The Casual Business of Waiting Your Turn

Classes start this Friday at the school where I work and that means I’ve had to drag myself in a few times to get ready. Today, especially, was important because I had to proctor a make-up test for a student who managed to fail seven different classes.

What’s odd about the week before school starts is how much it reminds me of a track meet.

My only experience with track and field occurred, if I remember correctly, in 8th grade. I was trying to get the Sports merit badge in Boy Scouts which required I play a full season in two approved sports. I’d already played basketball–and that was the only sport I played for more than one season–and that left track and field. Now, technically, track and field was not an approved sport but it was Hayden, Colorado so lacrosse, soccer and water polo were right out and the powers what are in the Boy Scouts were lenient.

This left the problem of deciding which events I should join. I was capable of short bursts of speed, but not 100 yards worth. I wasn’t coordinated enough to do high jump. I couldn’t even clear a bar set at waist level. (My Fosbury Flops were, well, you can finish the rest of that pun.) For the record, I admire high jumpers probably more than any other athletes as I do not understand how they do what they do.

I ended up running the mile and doing triple jump and, for at least one tournament, throwing discus. I was, at best, an average miler; a below average triple jumper; and an absolute disgrace as a discus thrower. I was also, clearly, not worth the coaches’ time. I don’t remember getting any specific help on getting better from any of the three coaches at any time during the season. I learned the basics of triple jump by watching other jumpers.

Having come from basketball, though, what surprised me about track practice was the way it seemed disorganized. People wandered about practicing various events and occasionally being told to run to some location out in the middle of nowhere and then return. It didn’t feel like a team practice.

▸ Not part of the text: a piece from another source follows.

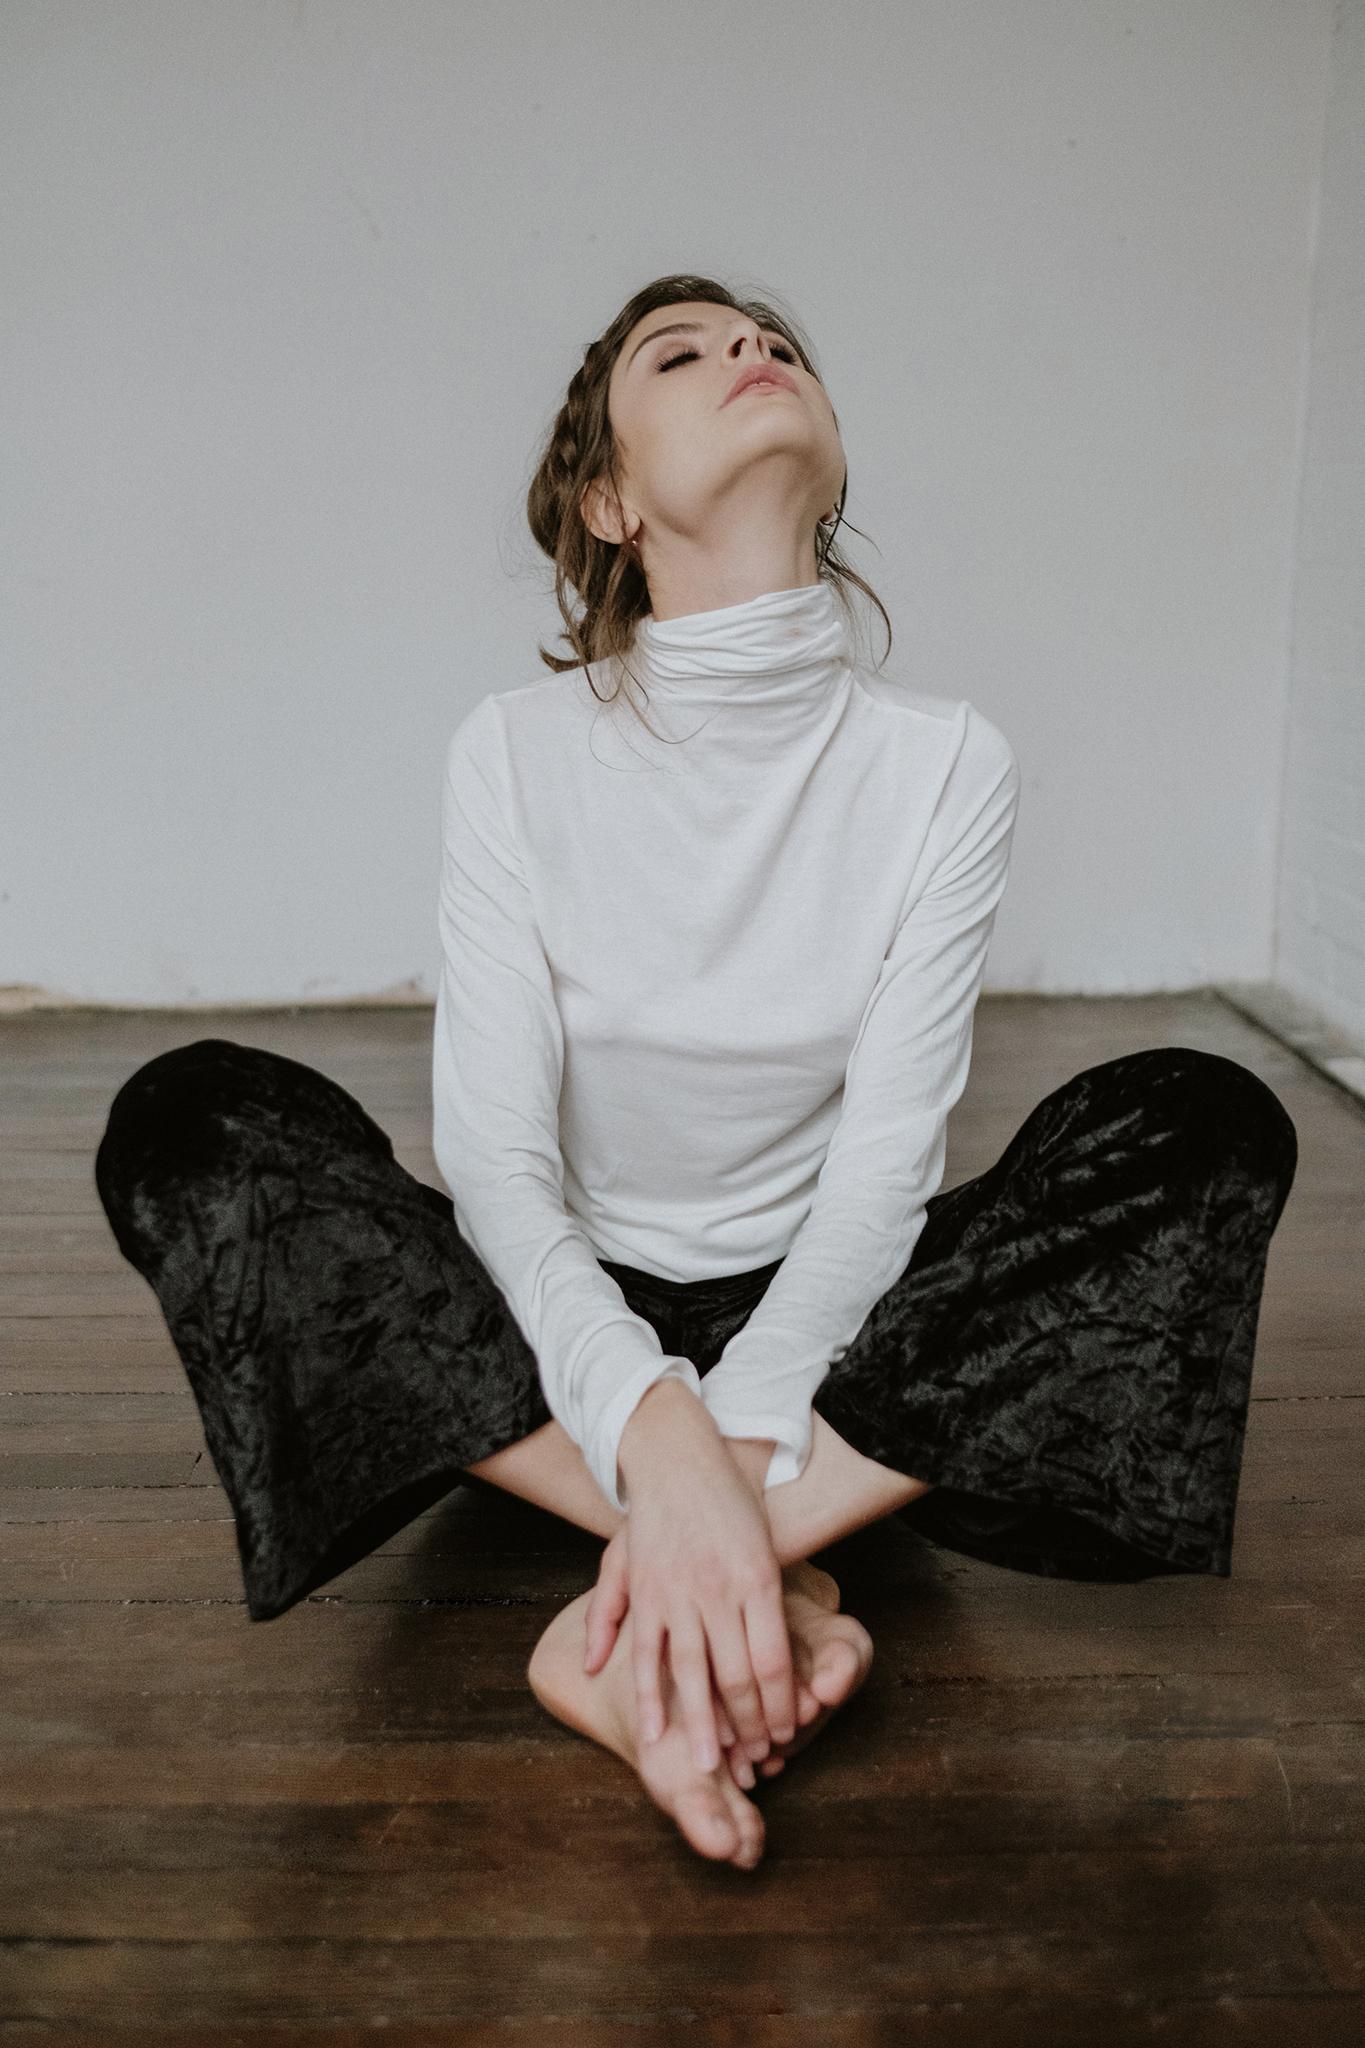 model-sitting-on-floor-cross-legged-looking-up

The same was true of track meets. It was very strange to be told “be over there in an hour” and then be more or less left on my own. There was no sense of being on the same team and no particular cheering section. No one seemed to care if you made it to your event or not. I remember how odd and scattered it all felt.

The same is true of the week before school. Teachers wander in and prepare lessons (most of them dressed in shorts and  t-shirts as if it really were a track meet) and no one seems to care that anyone else is there. With make up tests we’re not even sure if the students will be there. (My student showed up, by the way, which means I lost a bet.)

Starting Friday, everything will be more regimented and some of us will start working as if we were on the same team.